Without a concerted voter registration effort, the grey ghosts of John Major 1992 may return to haunt 2015, and beyond.
Many political activists will have noted BBC Parliament’s re-run of the 1992 election this Bank Holiday Monday. That election was significant because it represented the last time the Conservatives received a working majority.
It followed the poll tax which had seen hundreds of thousands of people voluntarily leave the electoral roll. Individual electoral registration (IER) is likely to result in the biggest single shift in the social balance of the electoral register since then.
Even with concessions from government, it stands to make a permanent and profound difference to the political landscape if left unchallenged.
The electoral register is already socially imbalanced. For example, an estimated 87% of owner occupiers are registered, compared to 78% of social housing tenants and a mere 44% of private tenants.
Certain ethnic minorities and younger people are also under-represented. These imbalances in themselves could make a difference in marginal seats, given that groups with higher registration rates are more likely to vote Conservative.
It is unrealistic to think that IER will improve the situation – indeed it could make it worse. Northern Ireland’s move to IER resulted in volatile registration rates for several years, and research now indicates there has been a genuine drop-off amongst disadvantaged groups rather than just a rectification of previous over-registration.
Some lessons have been learnt, such as keeping the carry-forward facility so people can be transferred onto the new register if they fail to respond to enquiries, but in Northern Ireland, rates in urban areas, particularly areas of deprivation, and amongst young people and the disabled, have noticeably fallen.
In Great Britain, IER is likely to be a more difficult process for these same groups. This is because the government currently intends that some electors will be ‘ported’ straight from the ‘old’ register into the new because their data can be matched against other officially-held information.
Others will have to make the effort to confirm their date of birth and National Insurance number before they can be registered. This creates an additional hurdle for people that some may simply not get round to jumping.
Data matching pilots have shown that matches are more likely in populations with lower mobility and stable employment, and that areas with high mobility and less overall stability, such as London, have significantly fewer matches.
For example, Stratford-on-Avon (which targeted low mobility populations and required at least 95% certainty for matches) achieved a match rate of 85.3% against the DWP database, whereas Camden (which processed its full register and required only 60% or greater certainty) achieved a rate of just 64.1%.
Even with refinement of the matching process, it seems improbable demographic disparities will decrease – with the result that the social imbalances in the existing register will increase.
And of course, imbalances in the register can affect electoral results. With the new parliamentary boundaries coming into effect for the 2015 general election, seats such as Chingford and Edmonton, and Halifax, could be tipped one way or the other based on differential registration rates amongst social groups. If the current state of the parties continues, this could be critical to who forms the next government.
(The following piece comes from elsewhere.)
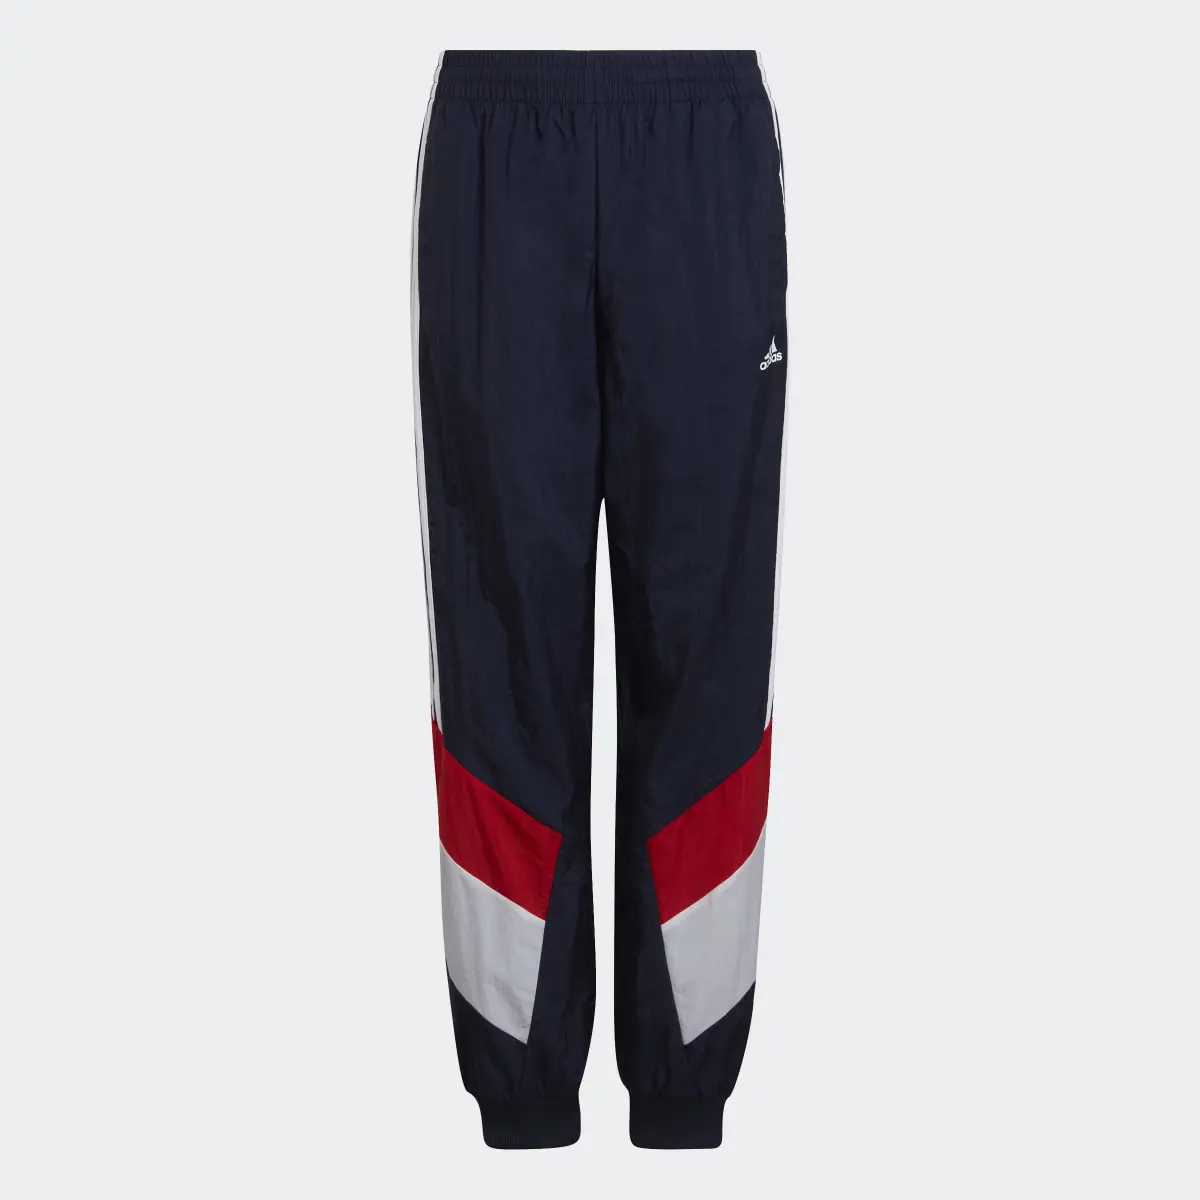 Adidas Colorblock Woven Tracksuit Bottoms. 1
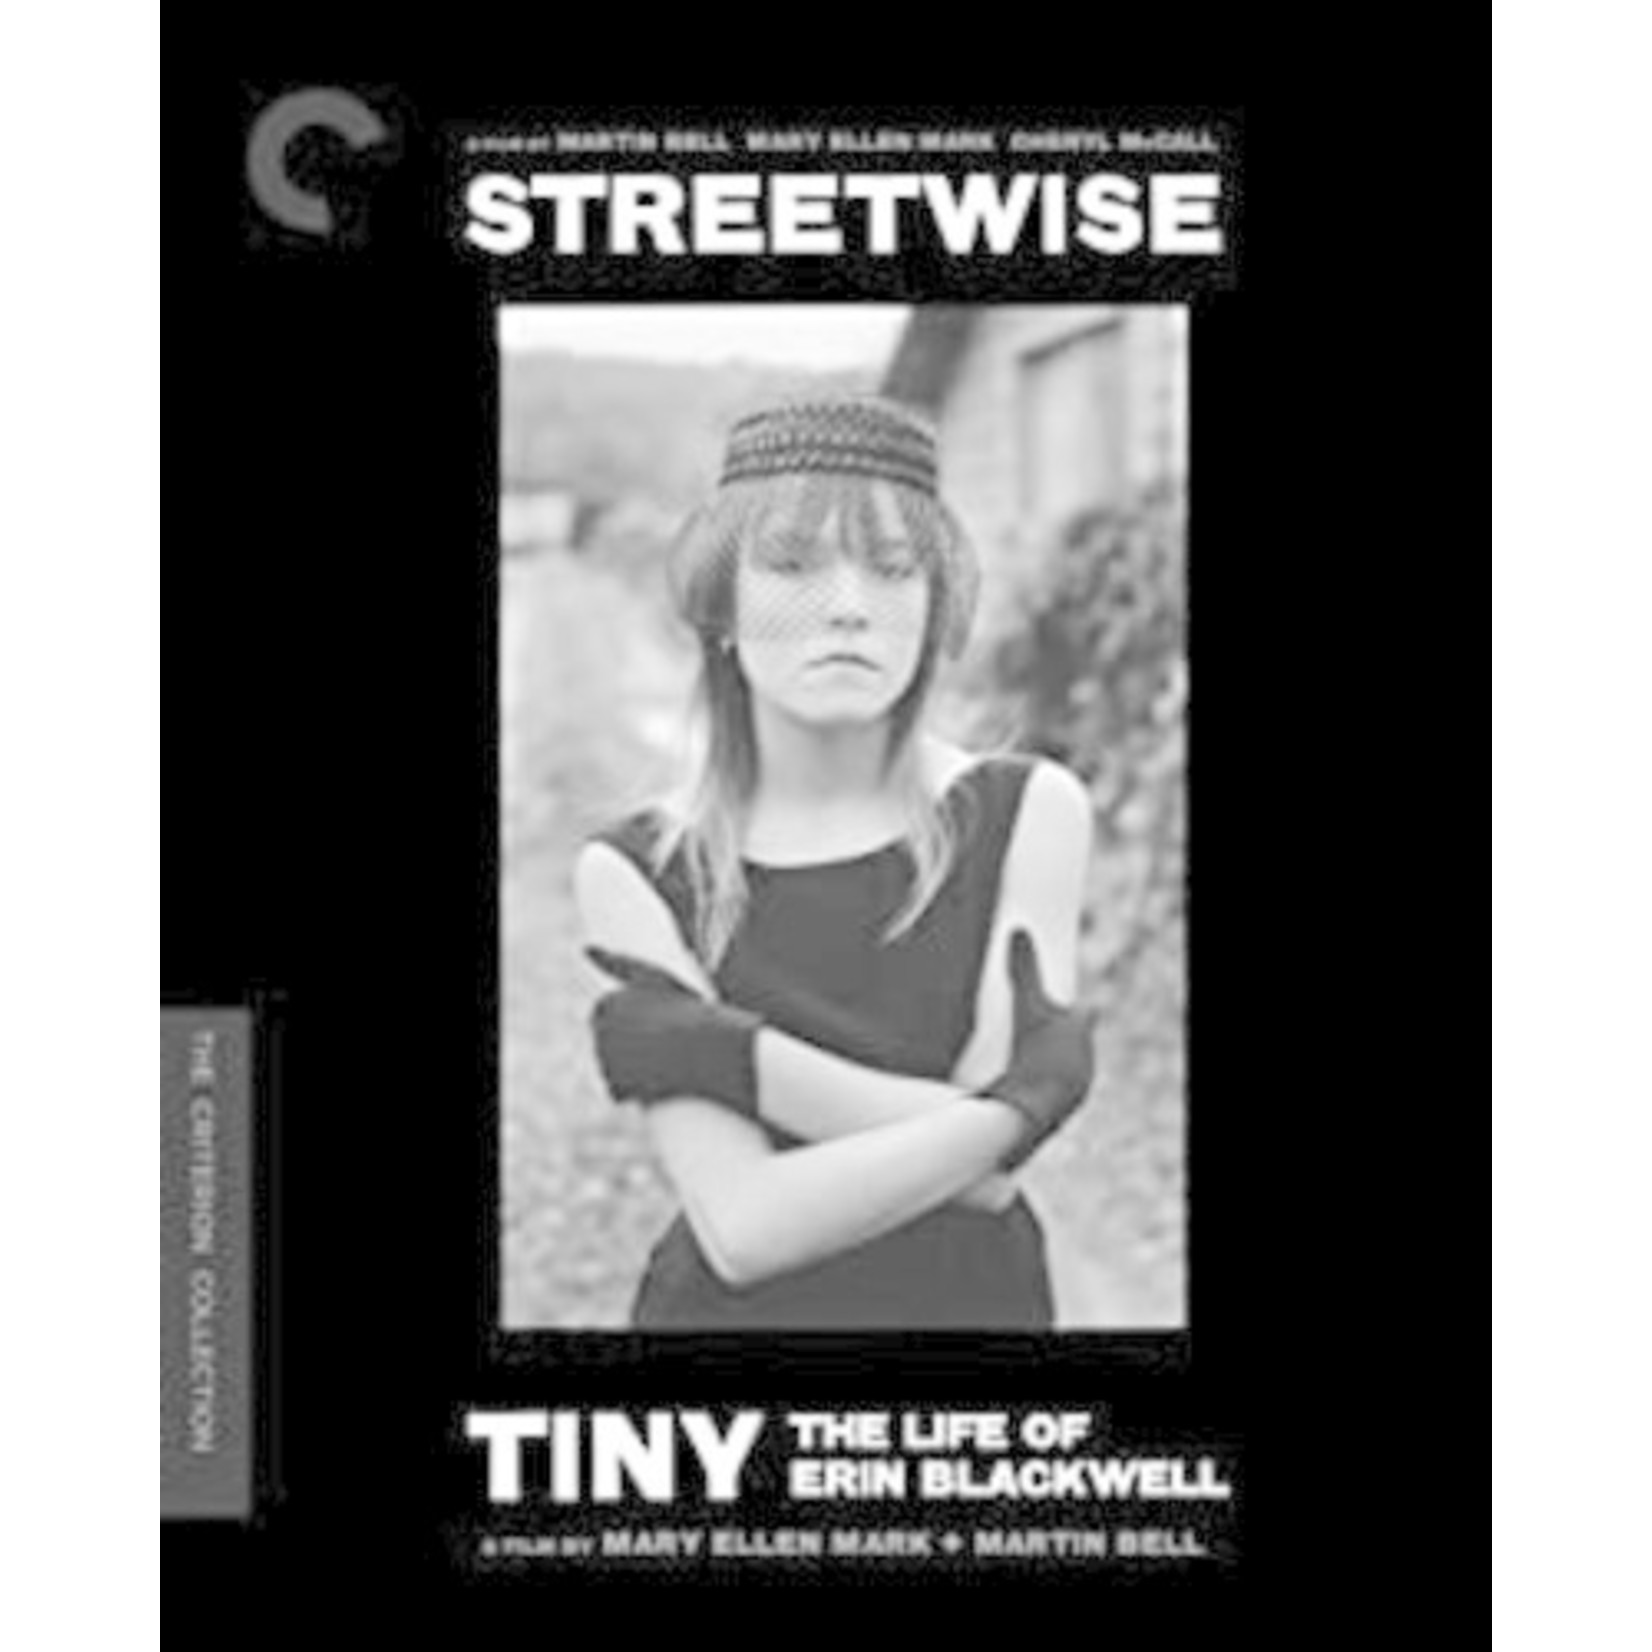 Criterion Collection Streetwise / Tiny: The Life of Erin Blackwell (BD)

Longer term, the next parliamentary boundary review will begin in 2016 – and the registered population will determine how many constituencies are allocated to each area. So urban areas, which are more likely to return Labour MPs, could become further under-represented in parliament.
So what needs to happen to minimise the unintended consequences of IER?
First, experience shows once people fall off the register, it is hard to get them back on. So the state of the register going into IER is critical to its health after the switch. It will form the basis for follow-up activity by local officers post-switch.
The official focus in the run-up to the 2015 general election will almost certainly be on making sure those registered under the current household system are transferred, a massive task in itself, with little resource to follow up those already missing.
So, every effort should be made to make sure the register is as complete as possible before 2014 – not just by the already-stretched electoral officers, but by political parties and any group with an interest in democracy.
As Electoral Commission research shows 44% of people who are not actually registered think they are, this is likely to be a worthwhile effort if properly managed and targeted – but planning and analysis needs to start now if effective and efficient action is to be taken.
Second, when the first IER registers are published in late 2014, a further effort will be needed to find as many of the ‘missing’ as possible, and get them back on before the general election. Relying on the ‘carry forward’ is not a sensible option as registrations made in this way are of questionable accuracy.
Without this concerted effort, the ghost of 1992 may return to haunt 2015, and beyond.